His temperature was going all over the place. He'd been really cold earlier but now he felt feverish. When he felt too hot to me, I made little ice cubes from the water and rubbed them on his neck and head. I knew he liked that when he was feverish back at the Western Air Temple. He kept trying to roll over onto his stomach, which was the worst position for him. I ended up flopping my arm over his shoulders to keep him lying flat. I wanted to be close to him and I reasoned that this made the most sense. If he tried to roll over, it would wake me and I could keep him still. But he didn't. He slept soundly after that, and at some point – so did I.
-?-
I woke up late in the morning. I got a bit frantic at the start and checked Zuko immediately. His condition hadn't really changed. He was still sleeping – that was unheard of for Zuko at this point in the day. I thought about how he'd joked yesterday. He'd said that as soon as the war was over, he was going to take up napping during the day. We'd laughed about it yesterday. It had seemed so ridiculous then. I got worried and tried to wake him, but he couldn't be roused. He was completely unconscious.

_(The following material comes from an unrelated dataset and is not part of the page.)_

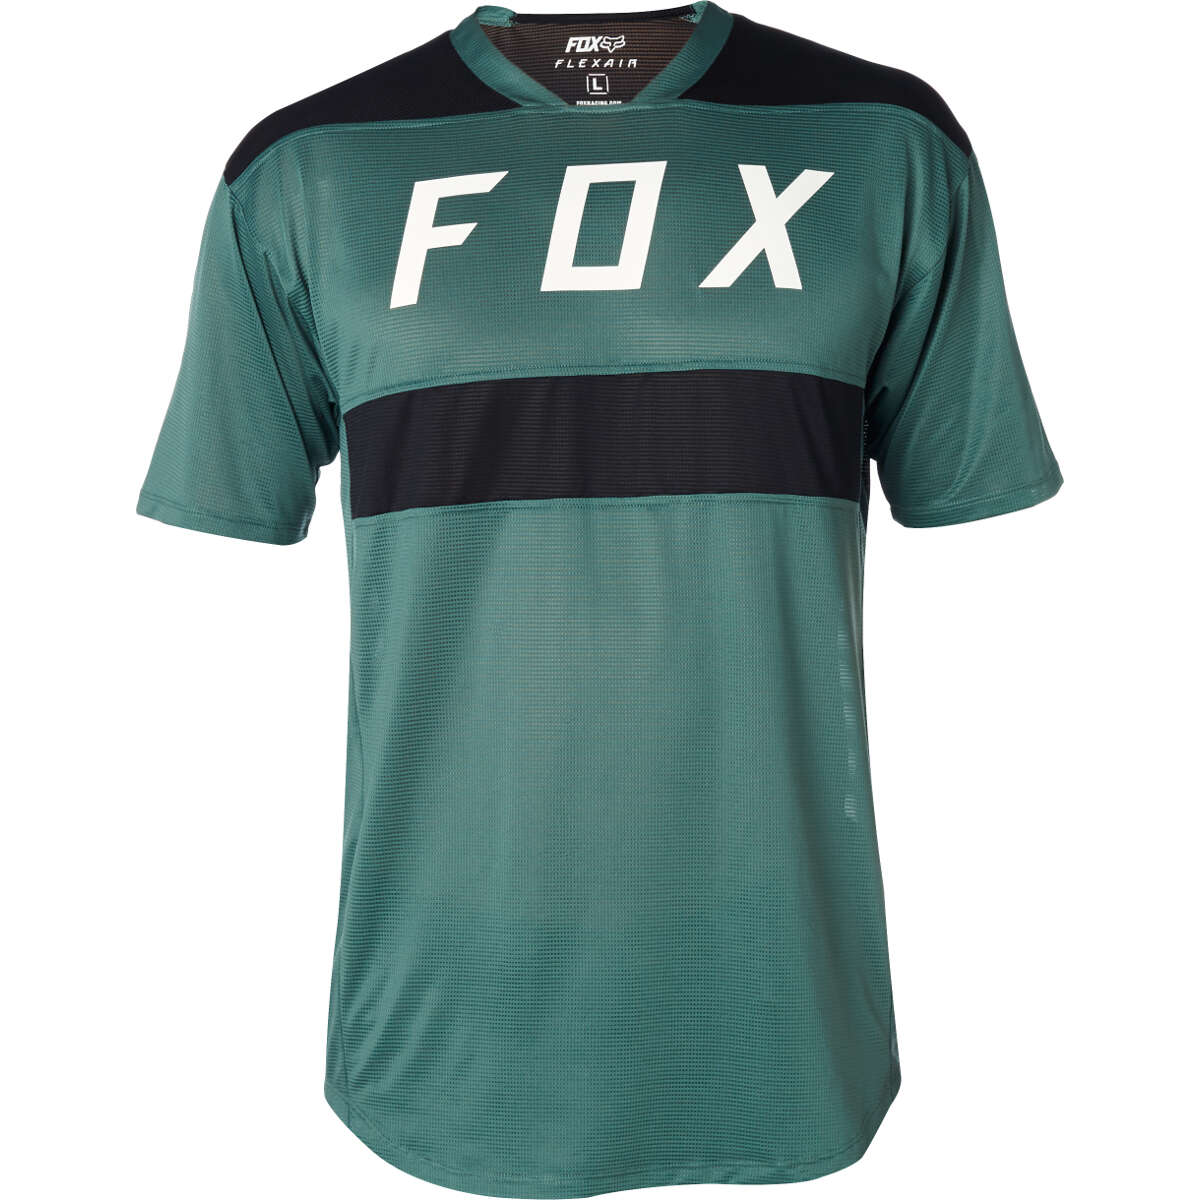 Fox T-Shirt Flexair Emerald

When Aang was in a coma and I couldn't wake him up, I had gotten heaps of advice from my dad, which I had very begrudgingly accepted because I had been quite mad at him then. But he knew what he was talking about. Being our chief and in charge of all the missions when all the men left meant my dad had a lot of responsibility. He knew a fair bit about first aid and battlefield medicine. I also corresponded with Yugoda a fair bit. She sent me lots of suggestions, but none of them really worked. However they both did say that most people recover much better and quicker with their loved ones around them, especially if their loved ones talk to them. I'd talked to Aang every evening while he was in a coma but I don't know if this helped him wake up quicker or not.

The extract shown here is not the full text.